> [Data provided]
========

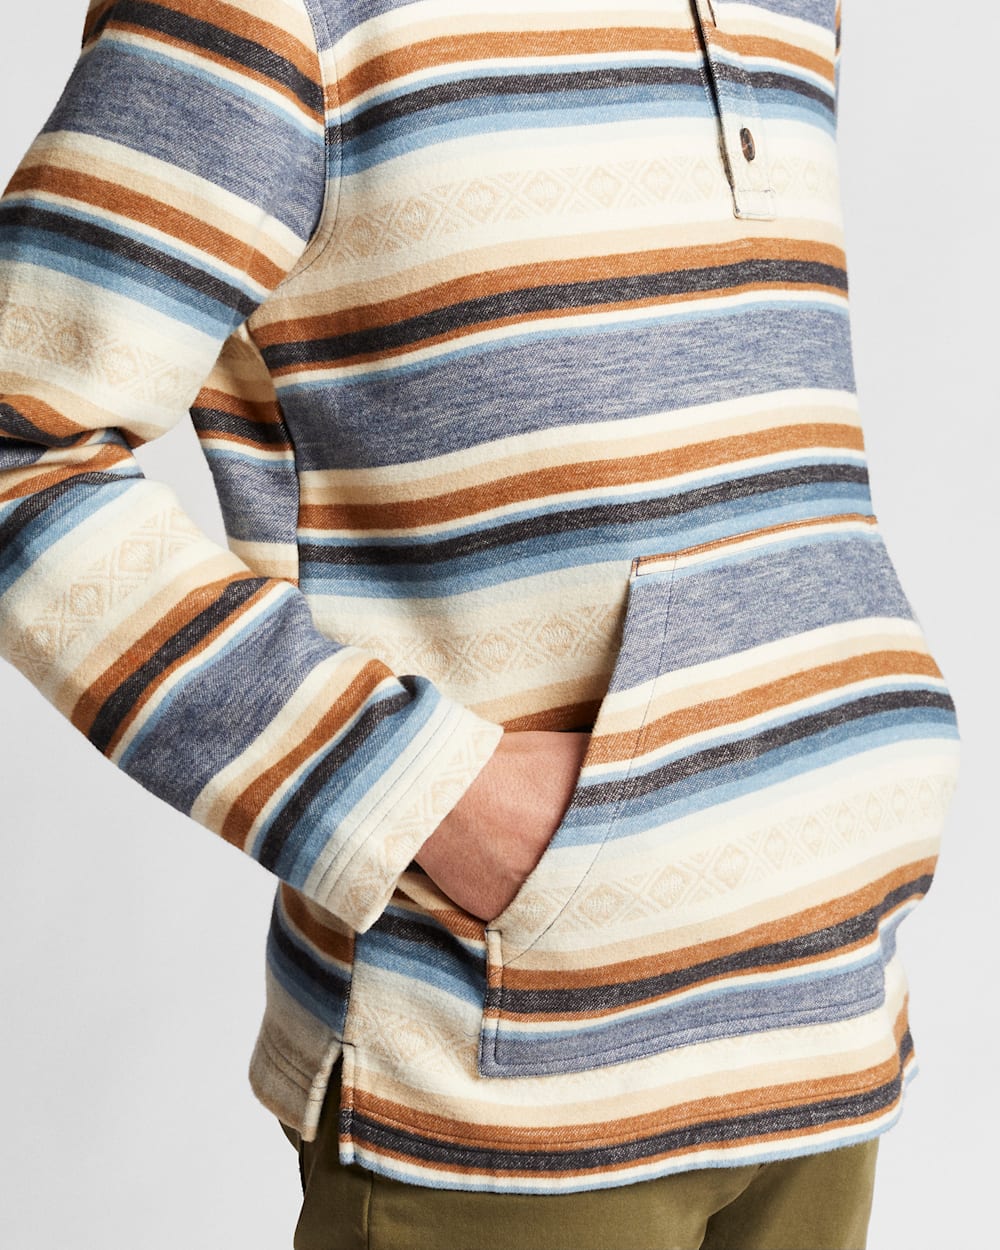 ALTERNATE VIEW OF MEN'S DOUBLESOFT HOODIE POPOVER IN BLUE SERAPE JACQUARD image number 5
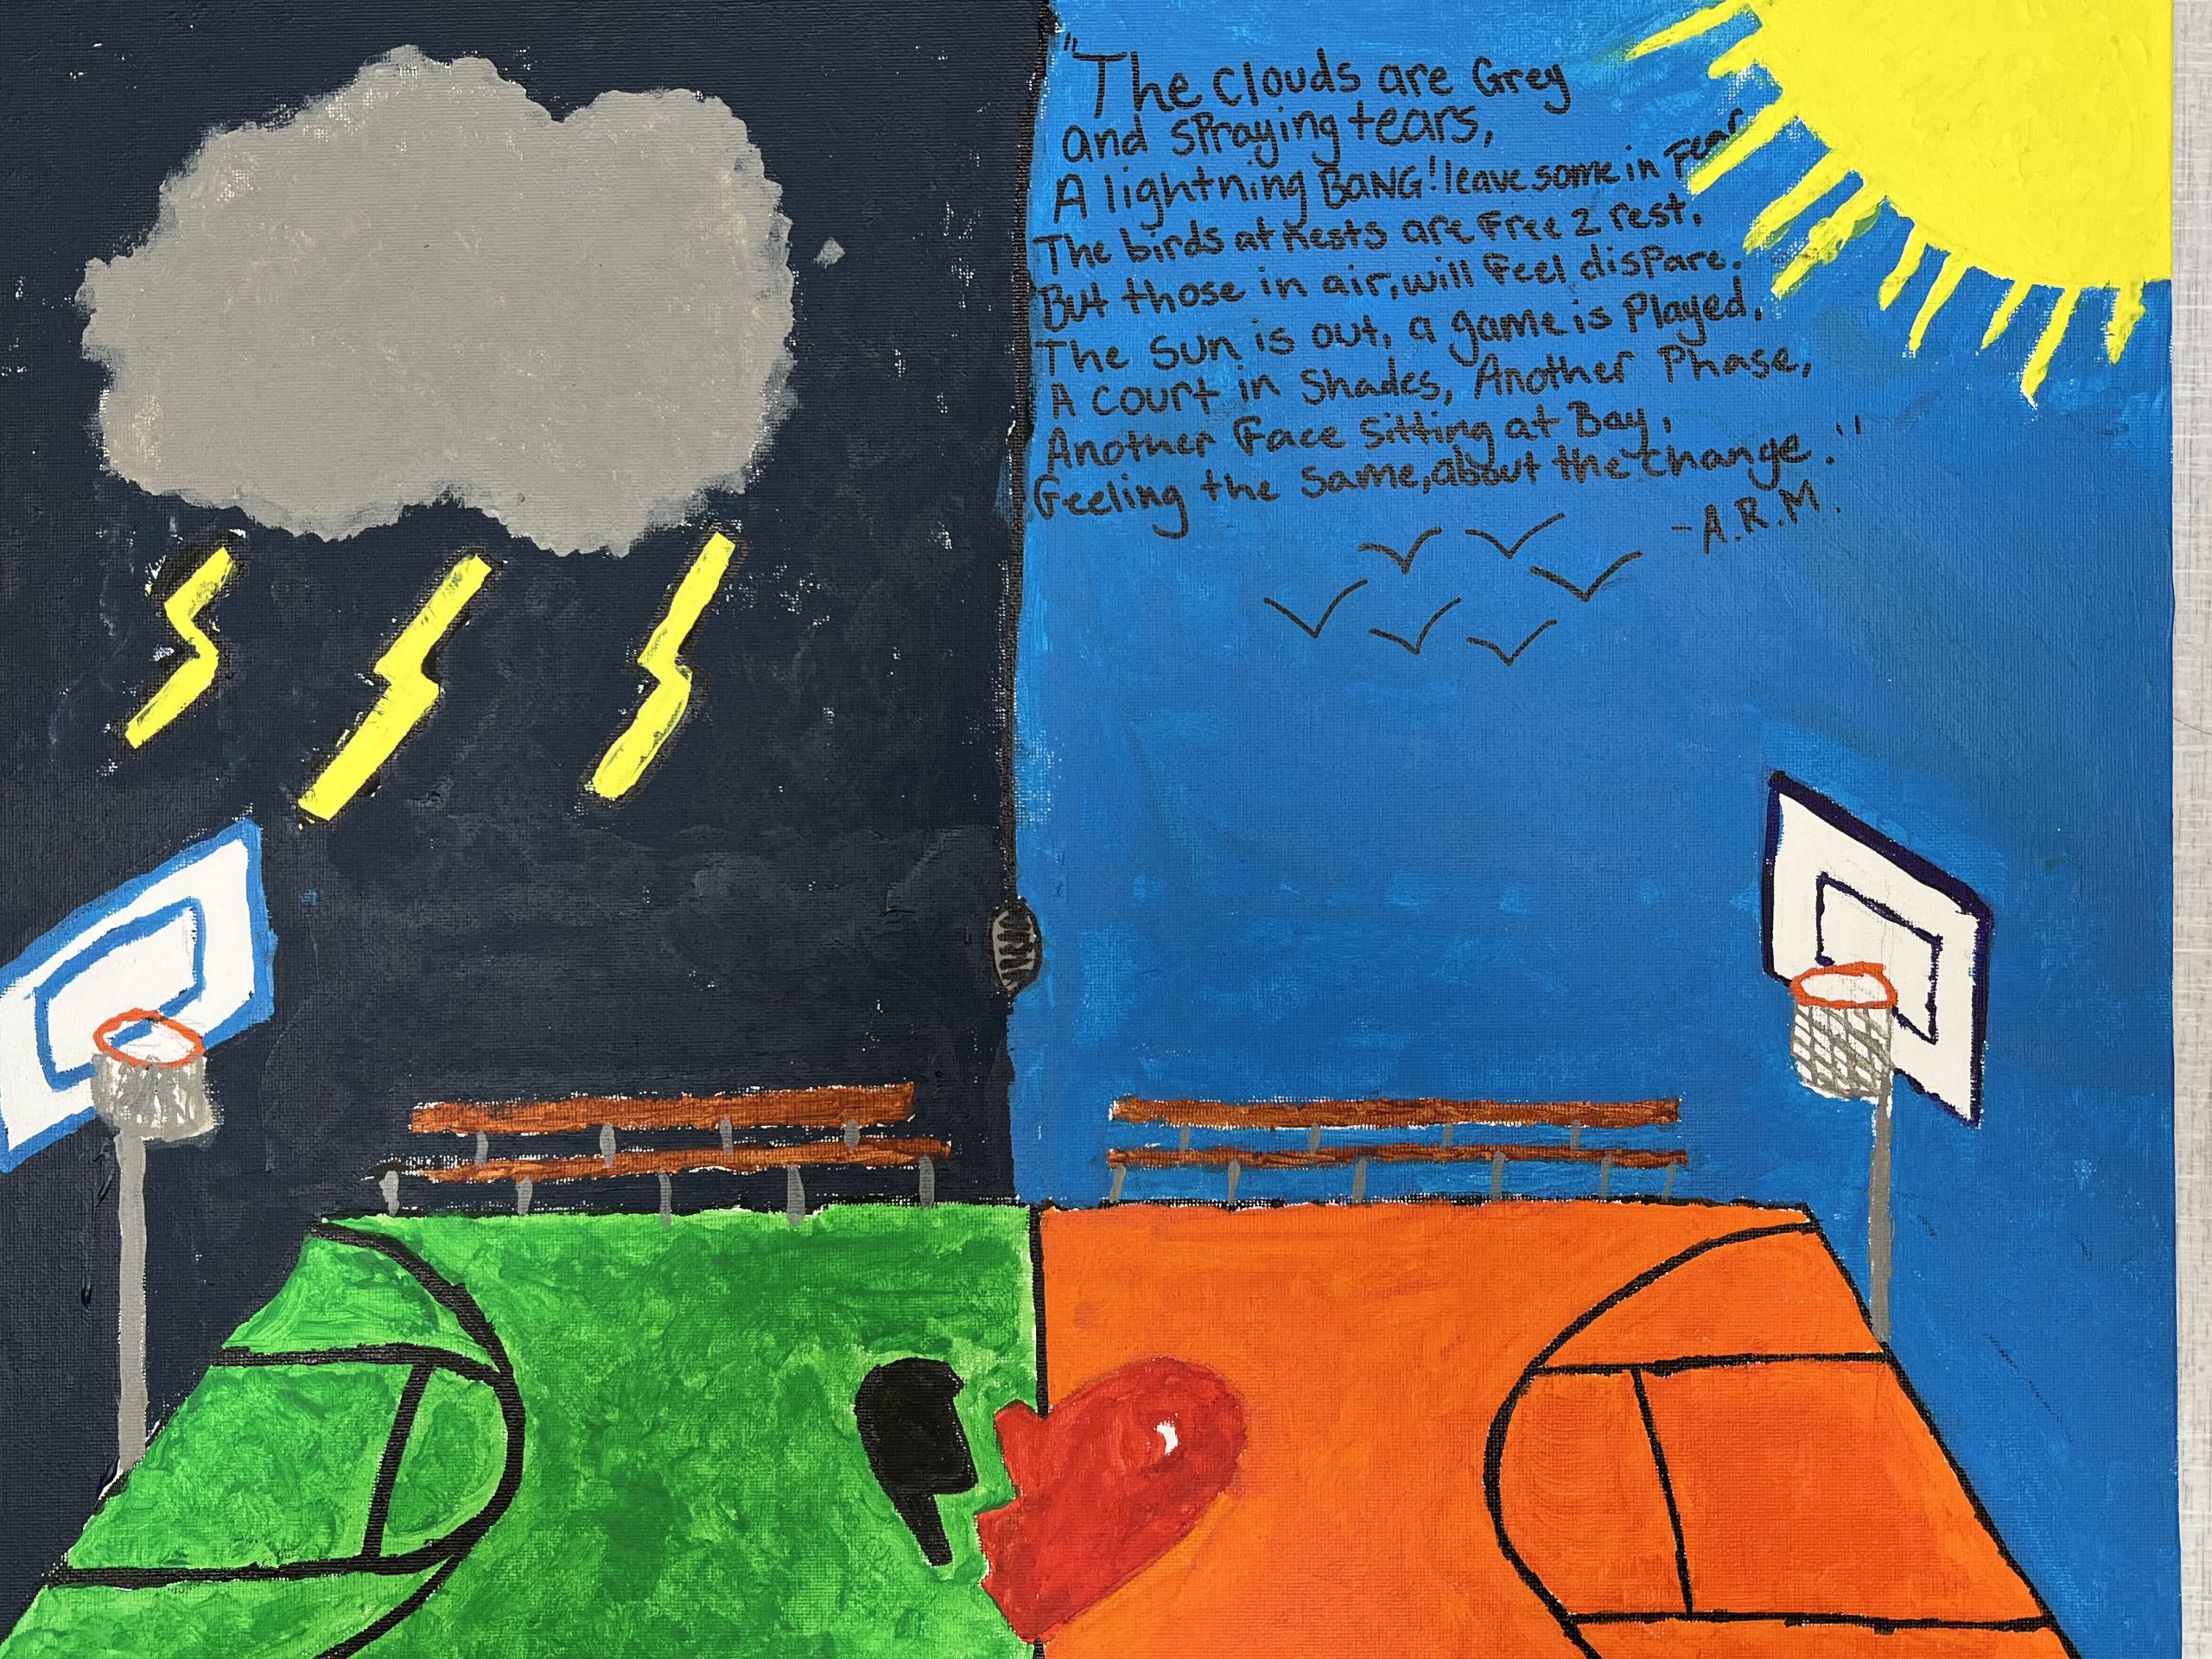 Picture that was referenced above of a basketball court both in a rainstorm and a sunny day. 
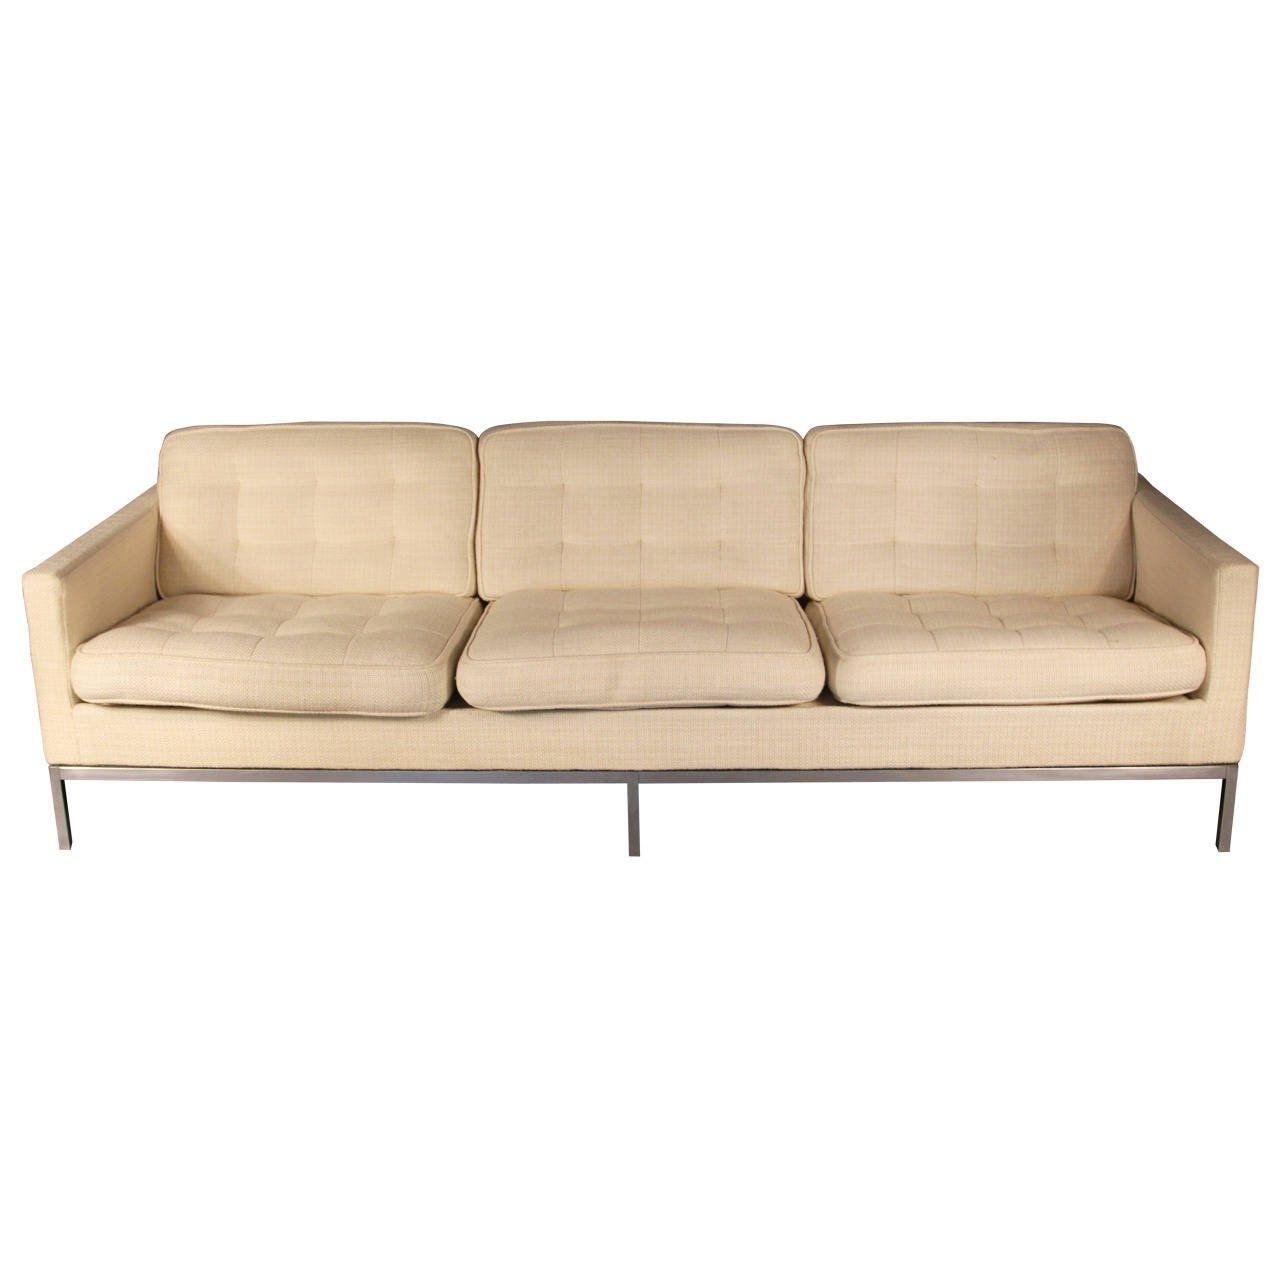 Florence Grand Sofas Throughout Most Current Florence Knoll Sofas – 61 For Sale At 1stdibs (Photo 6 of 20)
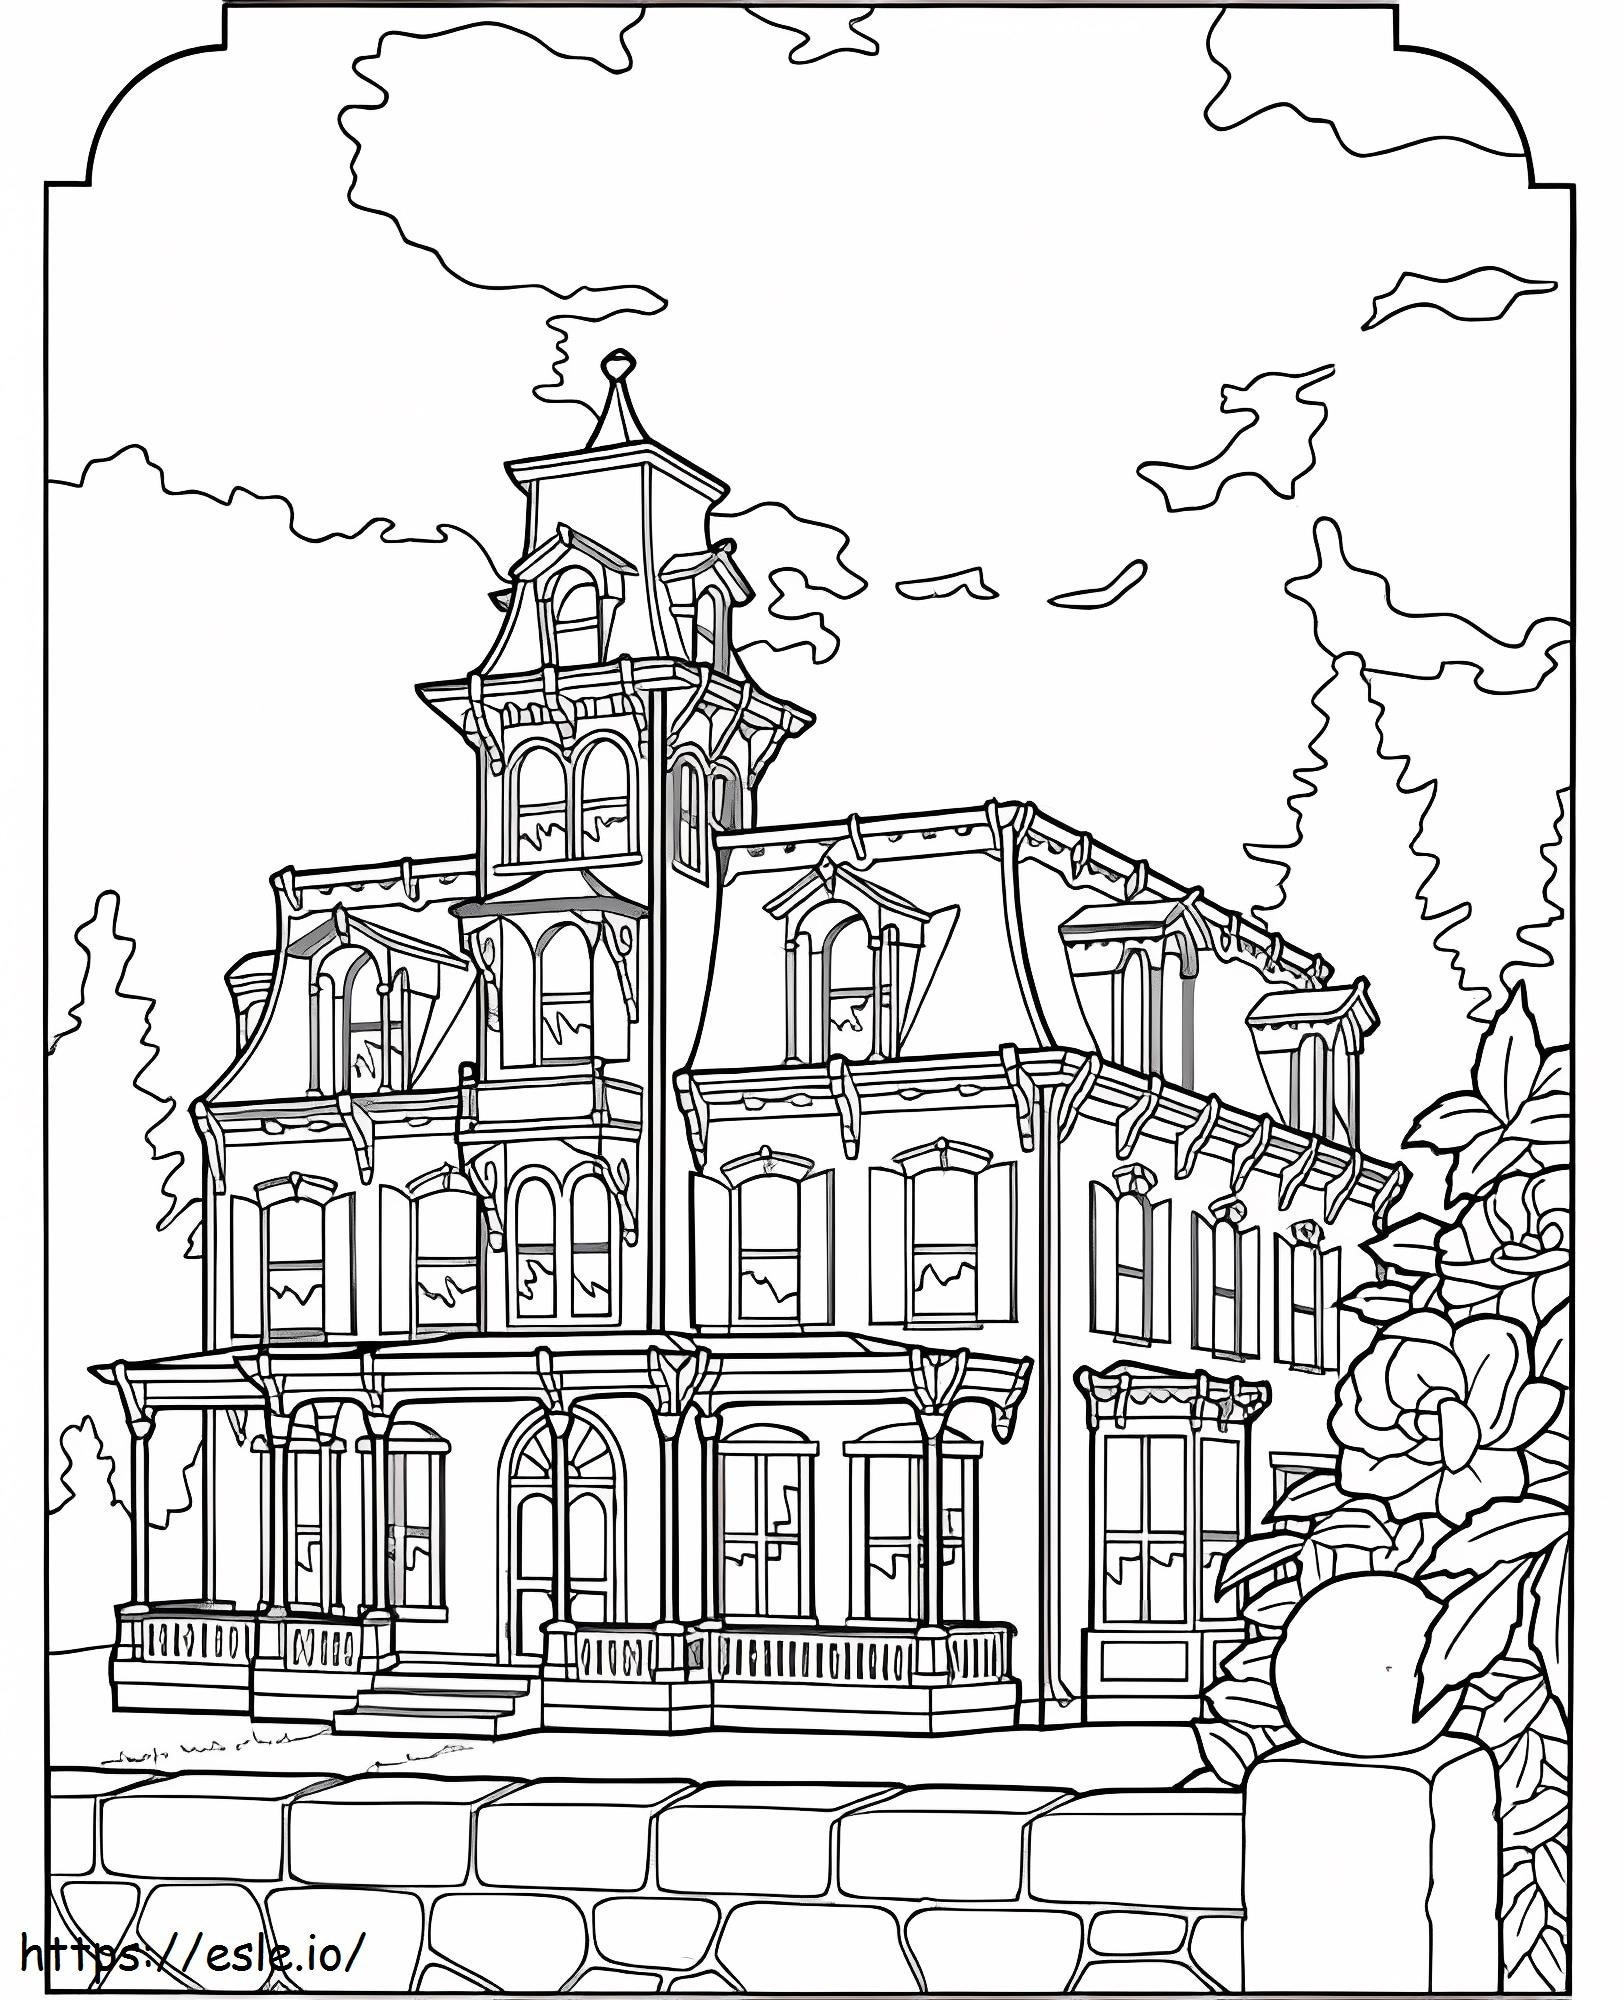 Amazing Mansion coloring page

========

> [Exercise details]
Give back exactly the lines from the one containing "Florence Grand Sofas" through the last line above, both included, and none of the pictures.

> [Solution for this problem]
 Florence Grand Sofas Throughout Most Current Florence Knoll Sofas – 61 For Sale At 1stdibs (Photo 6 of 20)
 Amazing Mansion coloring page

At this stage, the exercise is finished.